The court looked at the amount of Irving’s loss, given he was deprived of his lump sum of $1,365,478 from February 1998. By the time of the action, in November 2000, it was assessed that the amount his entitlement could have earned if withdrawn at that time, in a conservative portfolio, was $248,862. These damages were awarded against the trustee.

In our case, the three fake trustees have appointed themselves outside of the scope of the SMSF’s deed and governing rules and consequently the fund has lost, at a minimum, $1 million plus earnings. All three fake trustees are jointly and severally liable. Importantly, there is no need for the matter to go to court, but if it did, based on Dunstone’s case, it would be a very expensive case to lose.

Section 218(1) of the SIS Act provides:

If a civil penalty provision in relation to a superannuation entity is contravened by a person other than a trustee of the entity, a trustee of the entity may, by proceedings in a court of competent jurisdiction, recover from the person, as a debt due to the trustee:

1. if that or another person has made a profit because of the act or omission constituting the contravention – an amount equal to the amount of that profit; and

a. if the entity has suffered loss or damage as a result of that act or omission – an amount equal to the amount of that loss or damage;

b. whether or not:

c. the first-mentioned person has been convicted of an offence in relation to the contravention; or

d. a civil penalty order has been made against the first-mentioned person in relation to the contravention.

In our case there are several breaches of the SIS Act, ranging from the sole purpose test, the payment of death benefits under SIS regulation 6.21, the requirement of the fund to have a trustee (sections 19 and 17A), plus a whole lot more.
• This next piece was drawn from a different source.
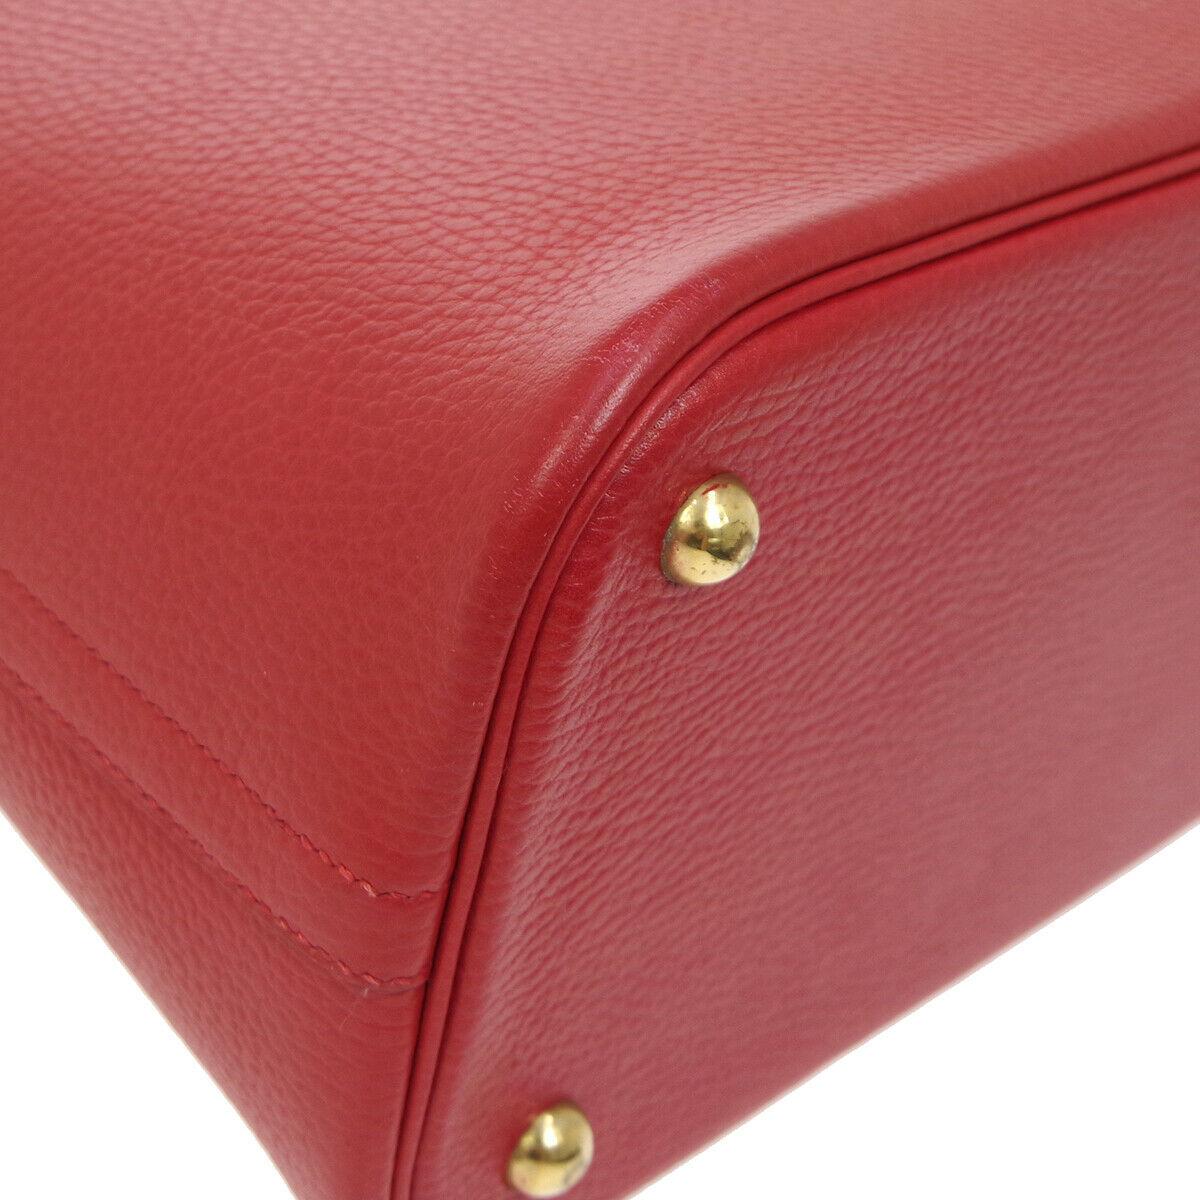 Hermes Red Leather Gold Top Handle Satchel Carryall Travel Shoulder Tote Bag 1

In our case, section 218 would follow the lines of a section 51(1) case.

Important: strict liability is a breach of a federal law and potentially a commonwealth crime and may not be covered by an adviser’s professional indemnity insurance. The accountant and lawyer should check with their insurance company.

3.3 Criminal action

I am not sure the taxation commissioner would get involved, but given more than $1 million has effectively been stolen from the SMSF by the three fake trustees, they may step in and use section 202 of the SIS Act.

Section 202: When contravention of civil penalty provisions is an offence

  1. If a person contravenes a civil penalty provision, either:

a. dishonestly, and intending to gain, whether directly or indirectly, an advantage for that, or any other person; or

b. intending to deceive or defraud someone;

c. the person is guilty of an offence punishable on conviction by imprisonment for not longer than five years.

If the commissioner does take action against the lawyer, the accountant and also the eldest daughter, then section 216 of the SIS Act provides that the criminal court may award compensation to the fund.

4. The final word

If the accountant was licensed, then the SMSF or whoever is looking after the fund could take an action post-1 November 2018 with the Australian Financial Complaints Authority, which is a no-cost option but would be limited to $500,000 in compensation.

In the end, the accountant and lawyer should never have got involved in dealing directly with an SMSF. Even if they were executors of Dad’s estate, the SMSF is a no-go zone. Their actions have the potential to embarrass them professionally and ruin them financially or, at worst, all of this and imprisonment – a lesson to be learned for all SMSF advisers, accountants, lawyers, financial planners and auditors.